L’équipe hôte domina le match et Bella Vista parut anéanti. Après tout, c’étaient les leaders qui rencontraient la lanterne rouge. Je m’attendais, personnellement, à voir un football technique, typiquement « latin » mais je pus observer pas mal d’affrontements violents. Pour le public, il n’ya avait aucun doute en ce qui concernait l’issue du match. Peñarol s’assura la victoire, mais celle-ci fut loin d’être écrasante.

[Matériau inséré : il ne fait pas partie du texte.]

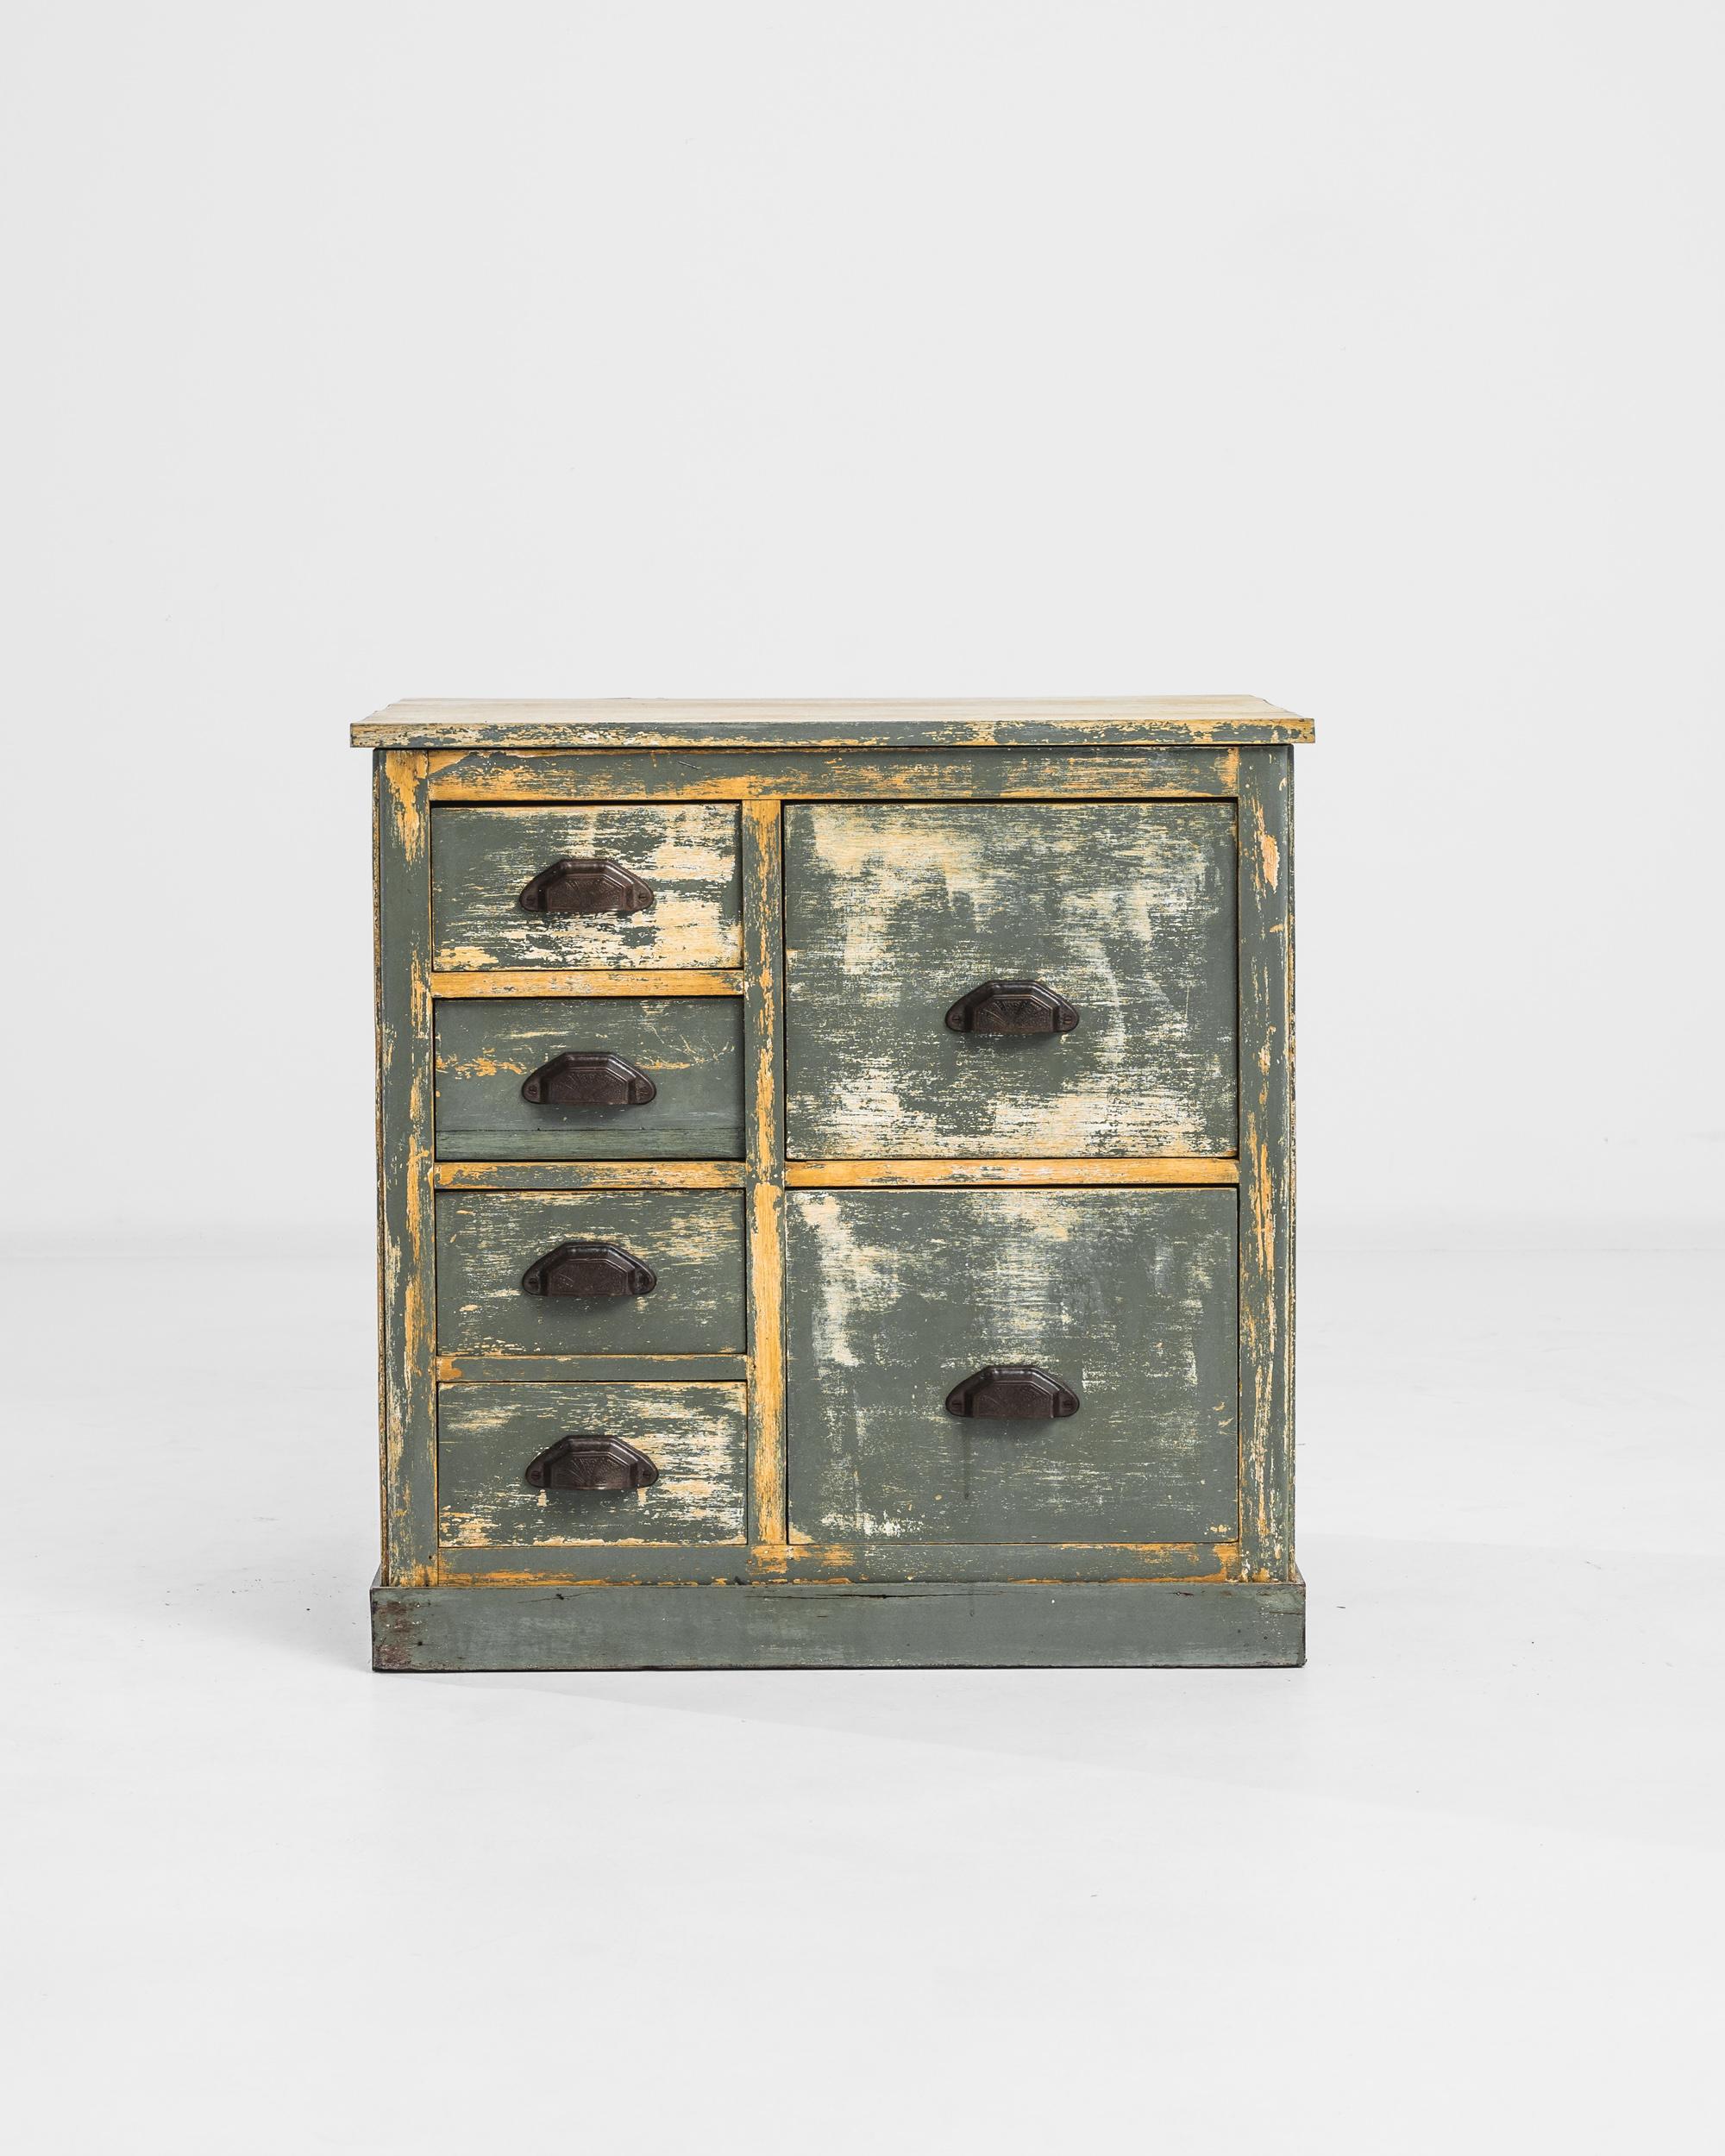 A dignified wooden chest of drawers with an attractive distressed finish. This vintage piece was built in 1940s France: deep, filing cabinet style drawers speak to a practical disposition, while ornate metal cup pulls, embossed with a pattern

L’équipe de Peñarol se composait principalement de joueurs de la sélection nationale, à l’exception du gardien de buts (argentin) et de l’arrière gauche , Torres, du Paraguay (s’il y a un lien avec Fernando Torres, il ne peut être que lointain). Pacheco, maillot numéro 8, fit son entrée sur le terrain pour la seconde mi-temps, et se montra très inspiré, donnant du coup plus de nerf au spectacle. Son jeu qui alliait créativité et fluidité sauva la partie d’un ennui sous-jacent. Pacheco est une personnalité vraiment à part : la manière dont il se déplace fait penser à Charlie Chaplin. Si l’on fait abstraction de son âge (36ans), il aurait très bien pu se retrouver sur les listes des chasseurs de têtes des ligues européennes.
Une agréable surprise d’après match : le même chauffeur de taxi qui m’avait amené au stade m’attendait pour me reconduire à mon hôtel. Nous avons parlé de football pendant tout le trajet. Il parlait un anglais fort correct ayant passé 5 ans au Canada. Ce sujet me semble être une excellente base de communication, indépendamment des origines, races, ou âges des interlocuteurs, et peu importe l’endroit où se déroule la conversation.